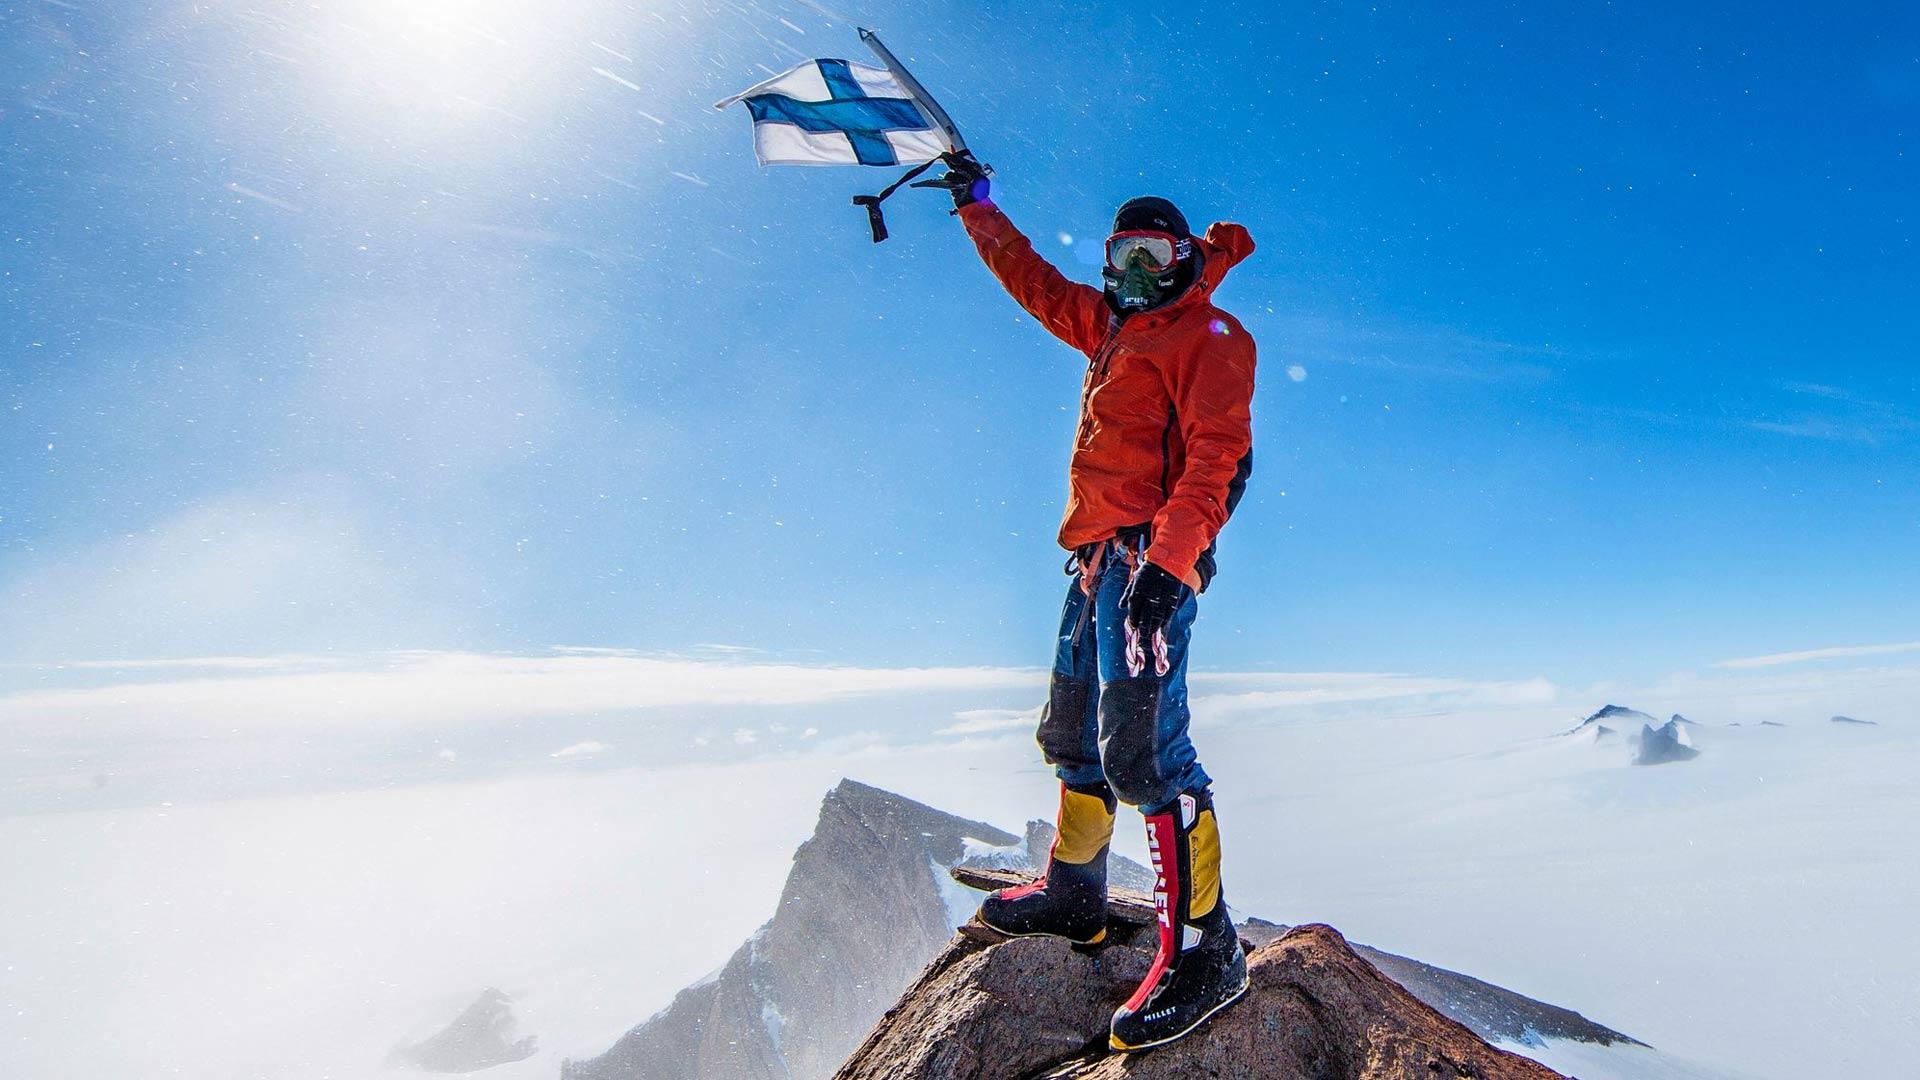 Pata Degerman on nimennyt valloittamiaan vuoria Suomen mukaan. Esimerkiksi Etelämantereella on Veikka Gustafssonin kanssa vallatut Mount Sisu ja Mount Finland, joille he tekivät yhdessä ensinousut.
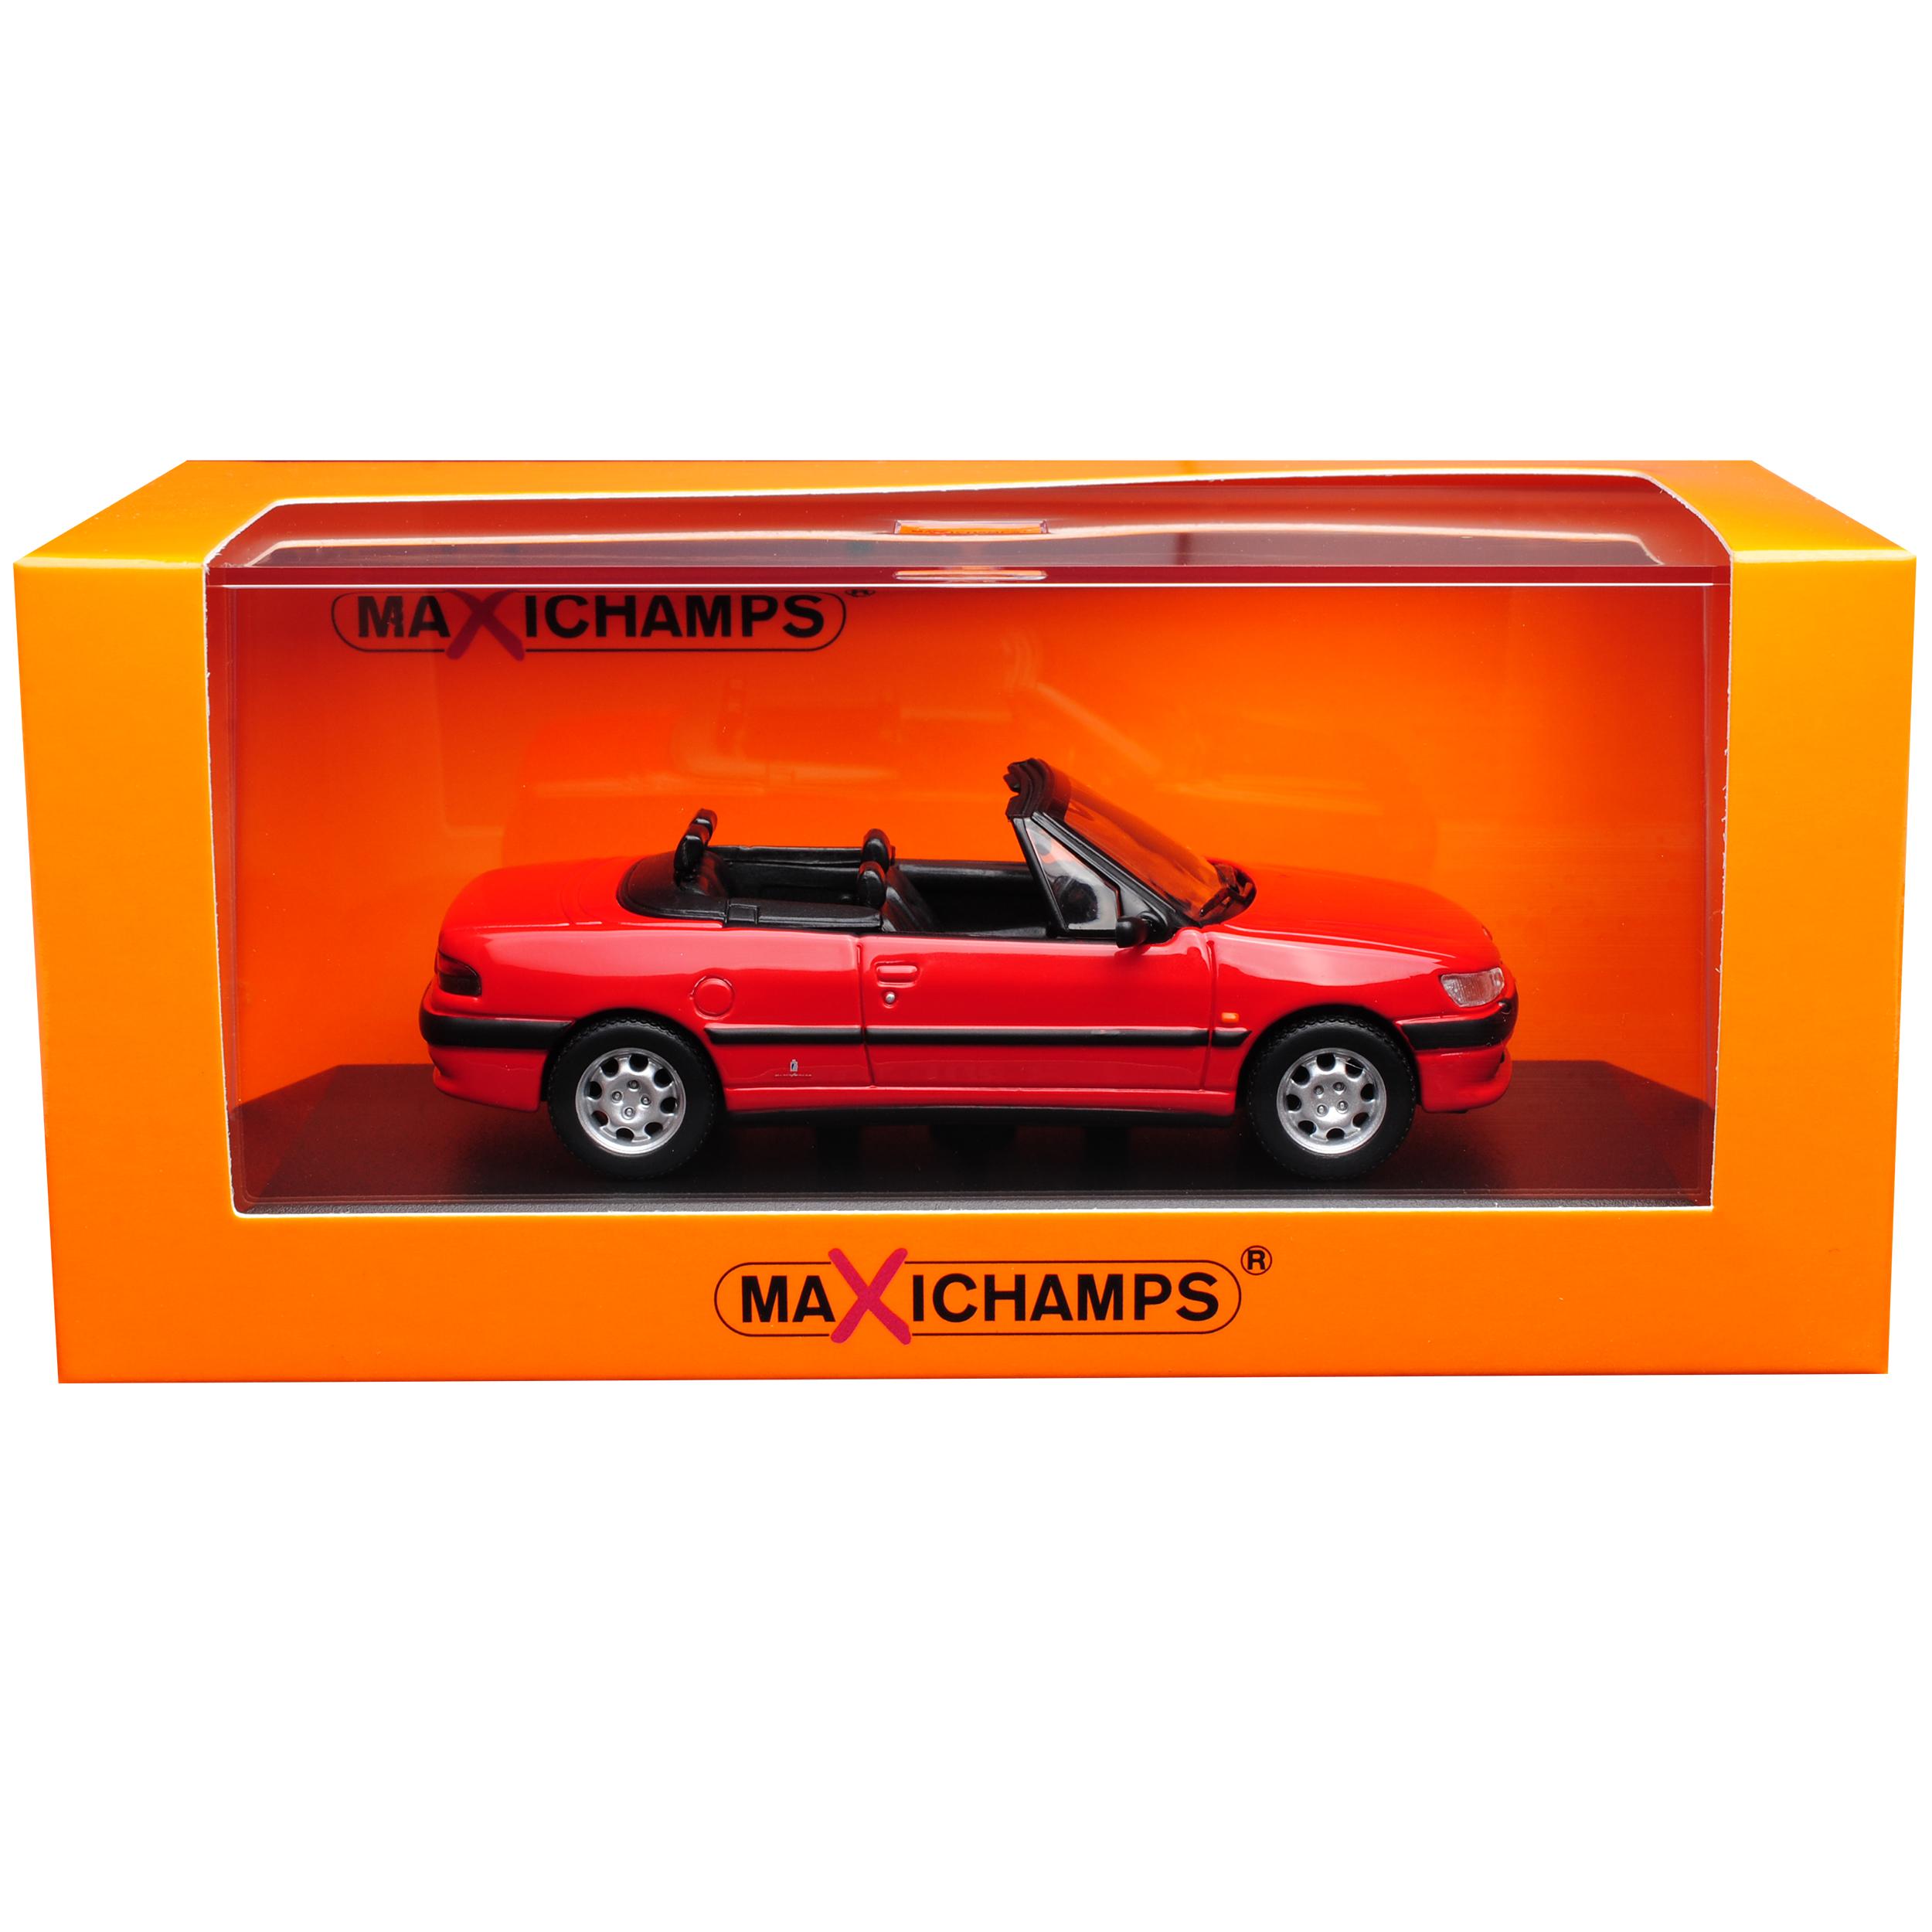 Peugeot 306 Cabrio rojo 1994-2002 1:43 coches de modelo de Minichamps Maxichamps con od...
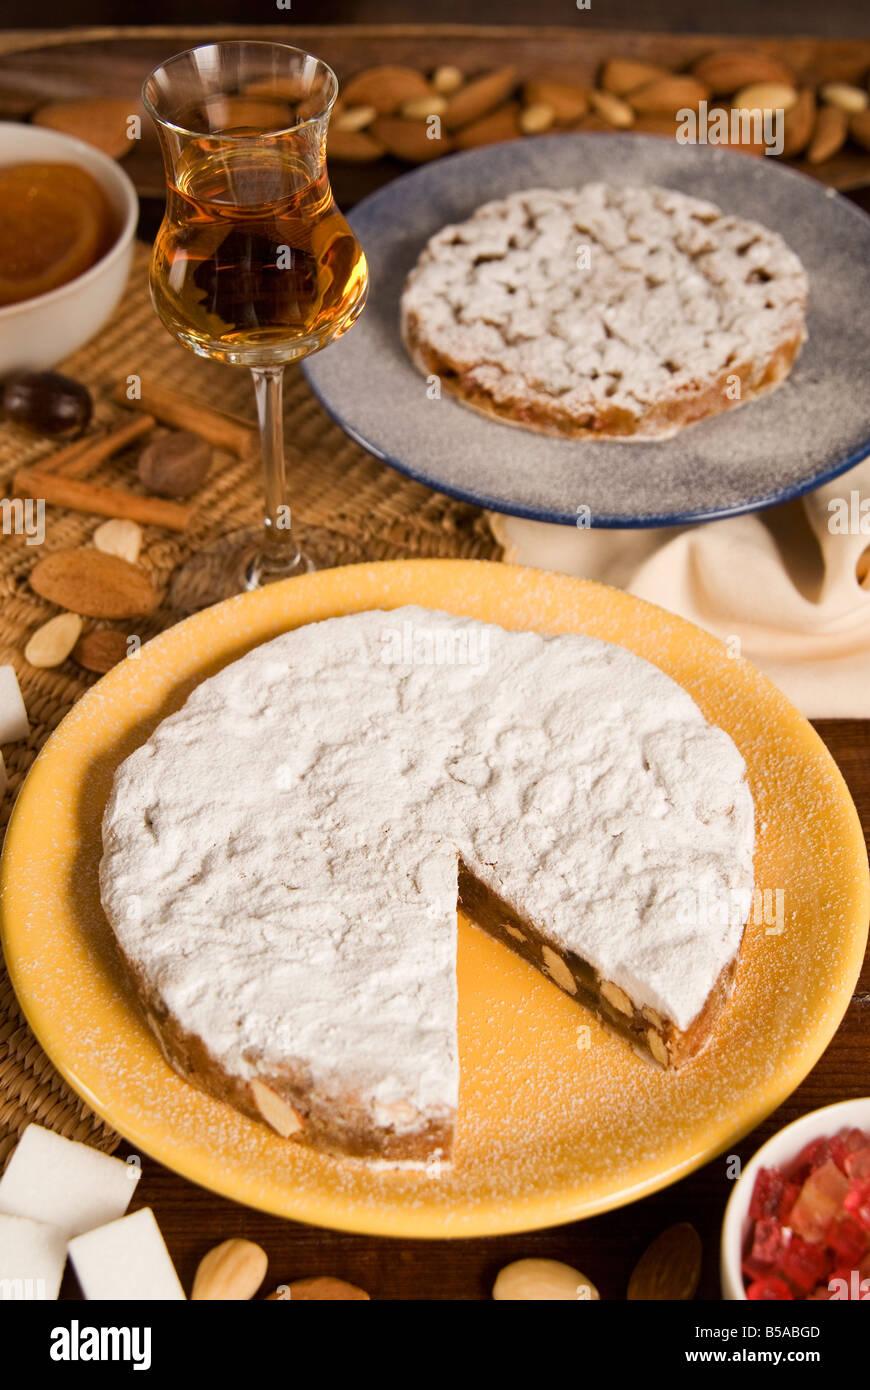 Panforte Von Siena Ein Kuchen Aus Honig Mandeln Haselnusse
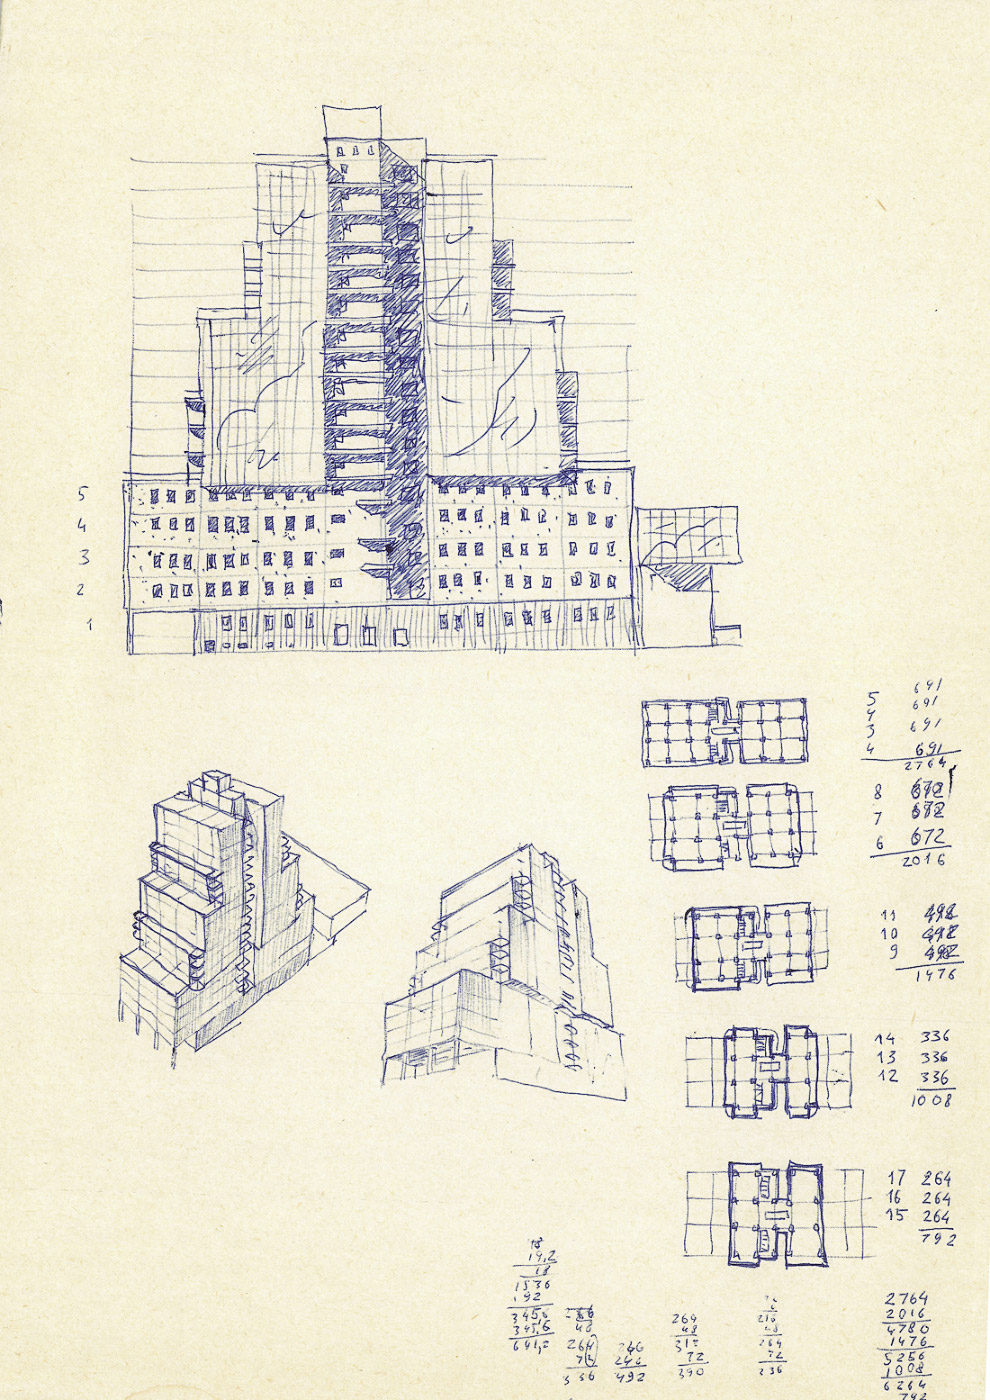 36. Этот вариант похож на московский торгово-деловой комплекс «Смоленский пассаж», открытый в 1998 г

§ TASK PROMPT:
Leaving aside the pictures, copy the listing above exactly.

§ SOLUTION FOR THIS PROBLEM:
 Pata Degerman on nimennyt valloittamiaan vuoria Suomen mukaan. Esimerkiksi Etelämantereella on Veikka Gustafssonin kanssa vallatut Mount Sisu ja Mount Finland, joille he tekivät yhdessä ensinousut.
 Peugeot 306 Cabrio rojo 1994-2002 1:43 coches de modelo de Minichamps Maxichamps con od...
 Panforte Von Siena Ein Kuchen Aus Honig Mandeln Haselnusse
 36. Этот вариант похож на московский торгово-деловой комплекс «Смоленский пассаж», открытый в 1998 г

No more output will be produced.